Marcus Hutchins. /E. C.
Marcus Hutchins. / E. C.

Marcus Hutchins fue arrestado en Los Ángeles tras dar dos conferencias sobre ciberseguridad

G. CUESTA

Marcus Hutchins, el héroe de 23 años que frenó el ciberataque masivo mundial del pasado 12 de mayo, ha sido detenido este miércoles por el FBI en Estados Unidos. El hacker que consiguió detener el Wannacry acudió a Defcon y Blackhat para explicar en estas conferencias de ciberseguridad su actuación. Allí en Las Vegas fue arrestado, aunque aún se desconocen los cargos de los que se le acusan.

«Estamos al tanto de la situación. No podemos comentar más», ha declarado a BBC el servicio de Ciberseguridad Nacional de Reino Unido, quienes han aclarado que el experto no forma parte de su plantilla ni trabaja para ellos, pero sí que colabora de manera puntual como hacen otros especialistas.

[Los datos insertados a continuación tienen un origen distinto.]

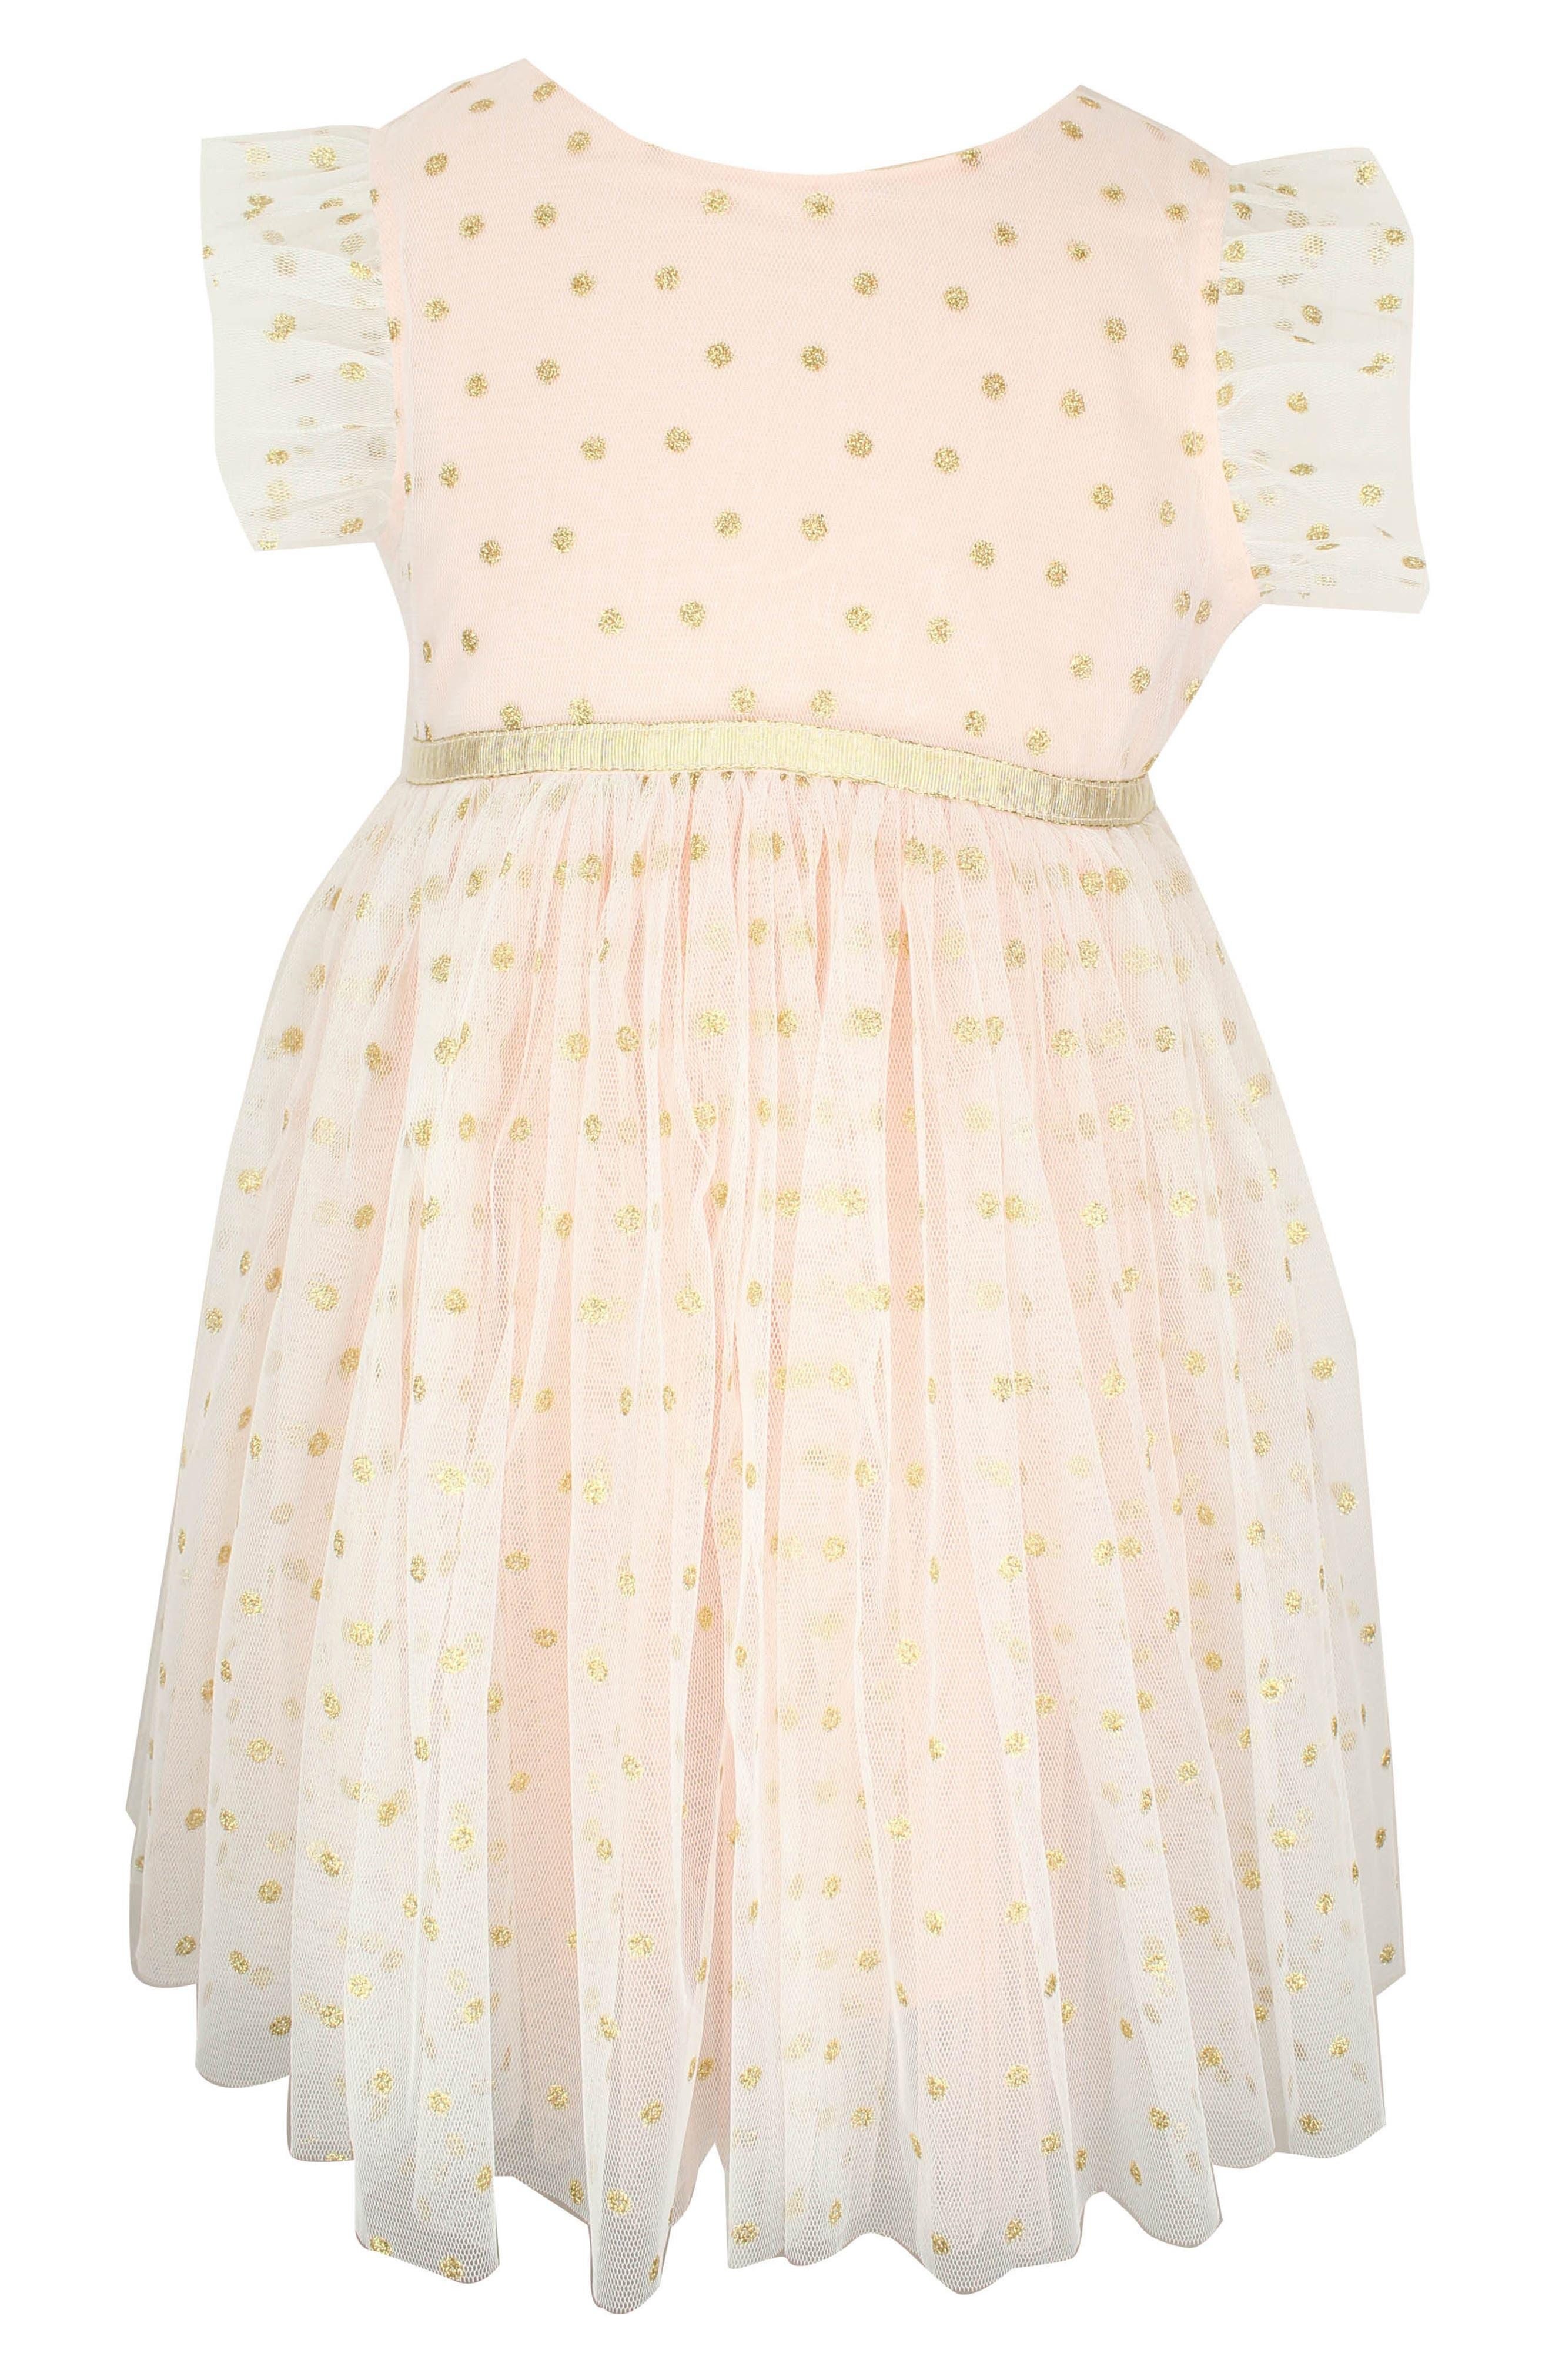 POPATU Dotted Tulle Dress, Main, color, PEACH
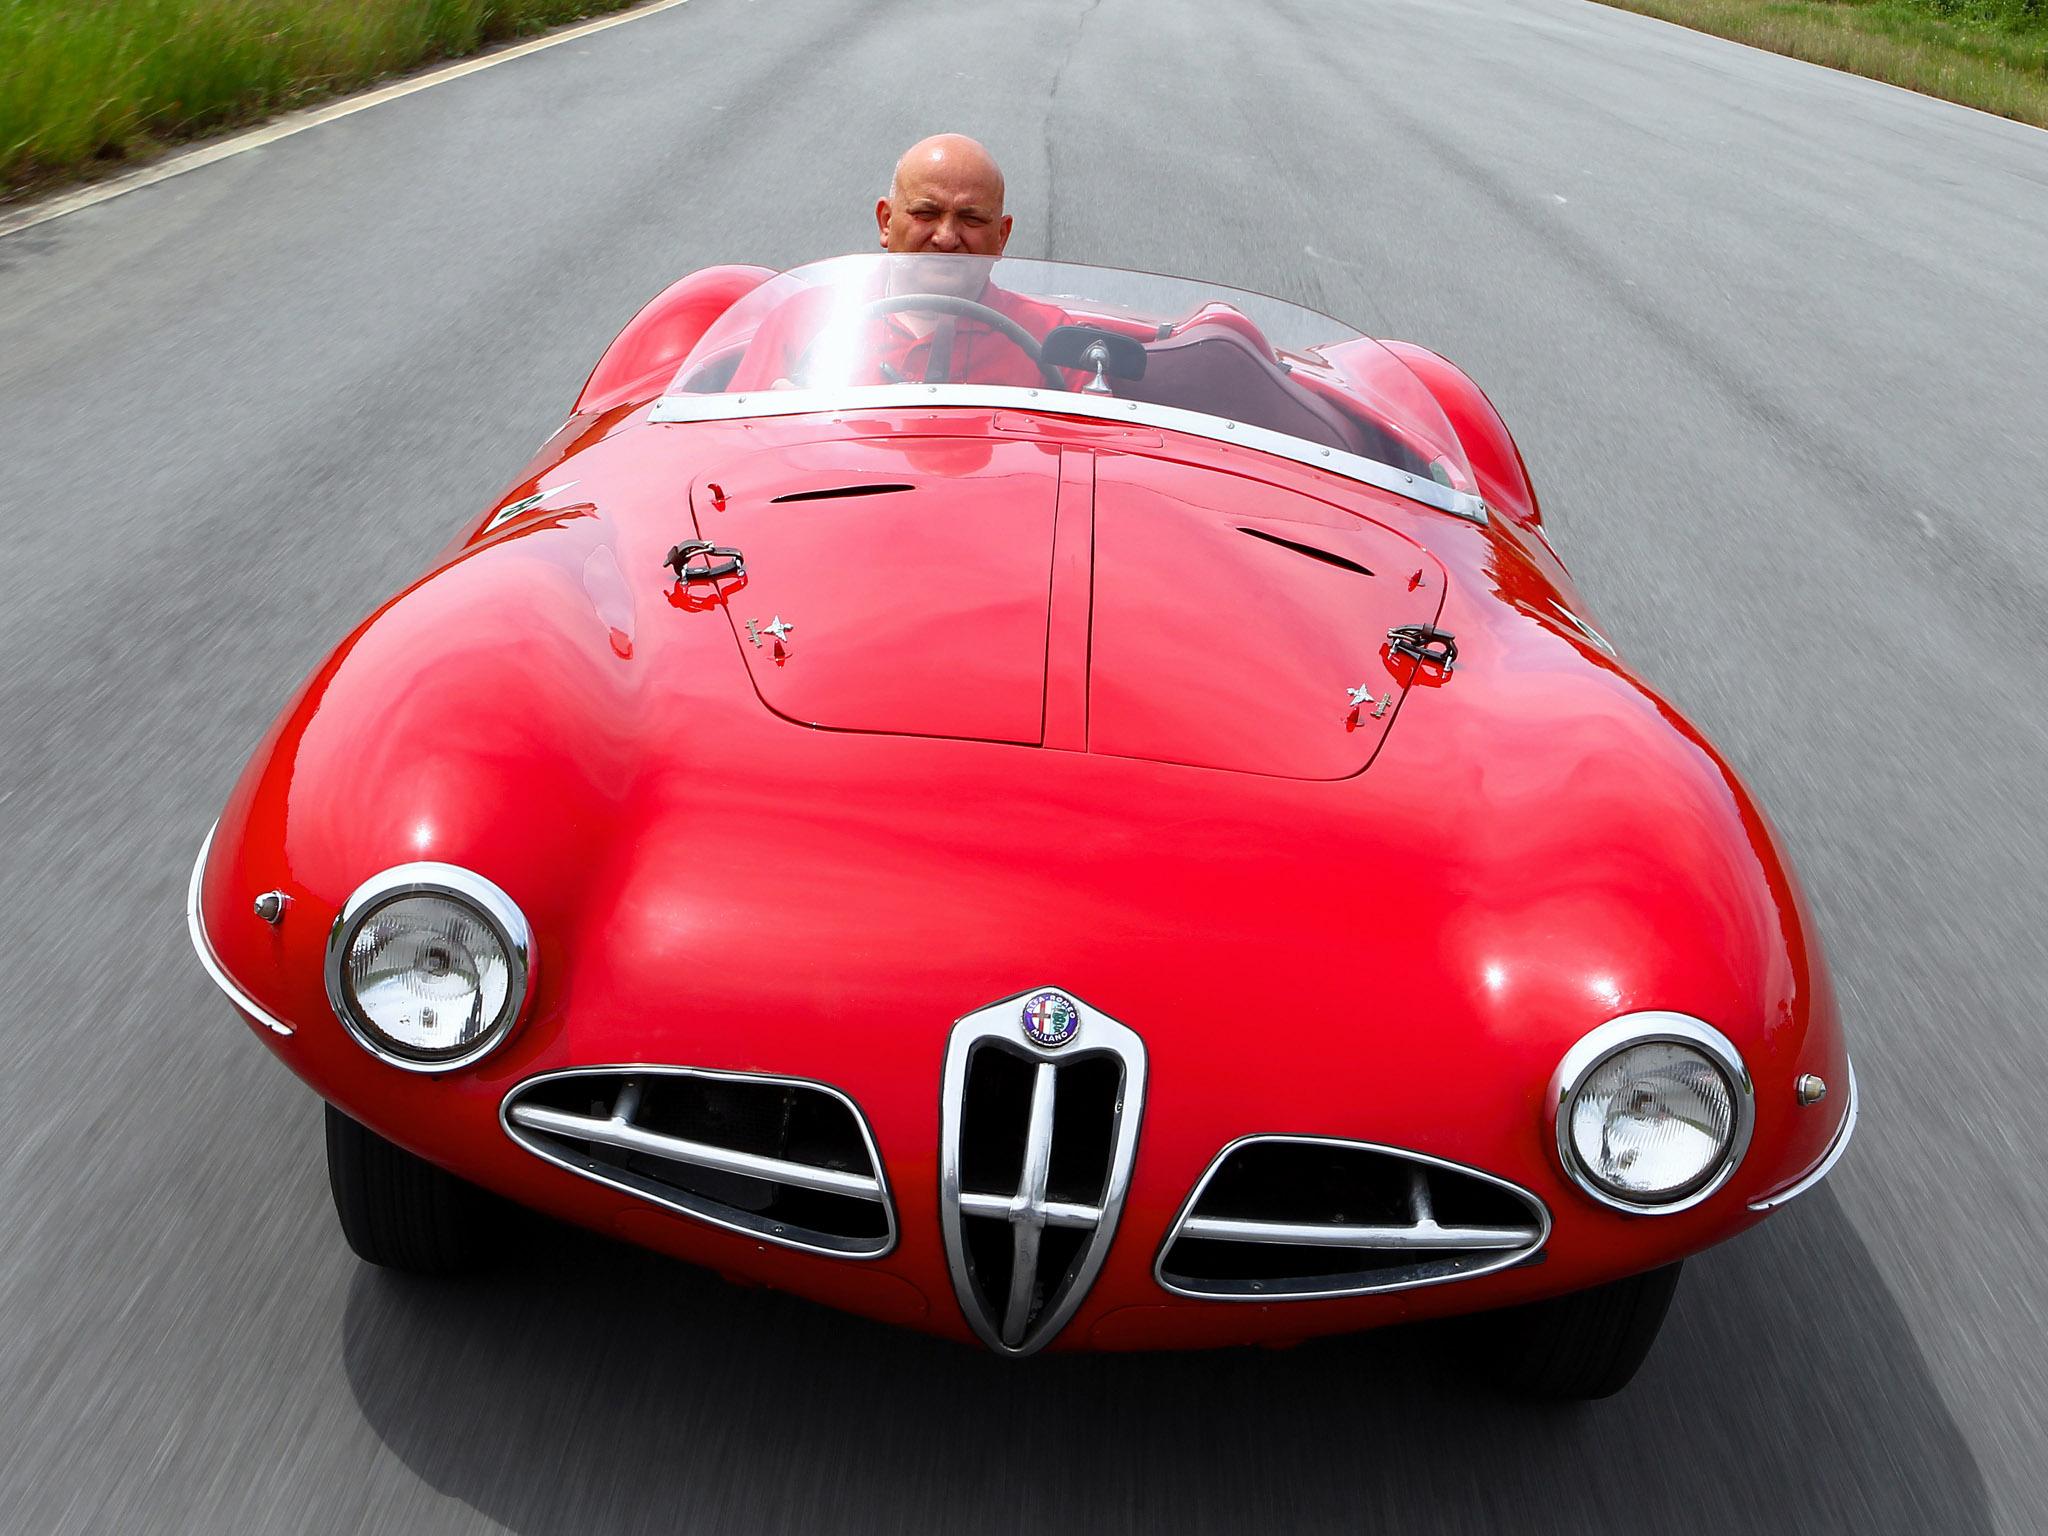 Alfa Romeo Gtv Car Battery What Size

Mothherboard ha sido el primer medio en hacerse eco de la noticia tras haberse puesto en contacto con un amigo de Hutchins. El hacker habría sido llevado a un centro de Nevada para después ser trasladado a otro centro de detención. Según The Telegraph, que se ha puesto en contacto con la madre, no se conoce más información sobre el arresto.

Wannacry, el virus detenido por el hacker, afectó a hospitales de la red pública de Reino Unido, a Telefónica en España y a otras grandes corporaciones internacionales. El malware infectó a más de 230.000 ordenadores gracias a un agujero en Windows. Los atacantes pidieron 300 dólares en bitcoins para recuperar el control de la información. En compensación.

Botín desaparecido

Hutchins recibió 10.000 dólares -cantidad que donaría- como reconocimiento a su labor. La única pista con la detención tiene que ver con la billetera digital donde los atacantes depositaban el dinero recaudado. Los 140.000 dólares conseguidos por los autores del malware han desaparecido.

Hutchis utilizó un dominio alternativo a la web al que derivaban los atacantes, por lo que guió al tráfico de la infección a un callejón sin salida, a una dirección falsa que no llevaba a ninguna parte. Es la técnica denominada 'kill switch', un 'interruptor' que frenó la amenaza.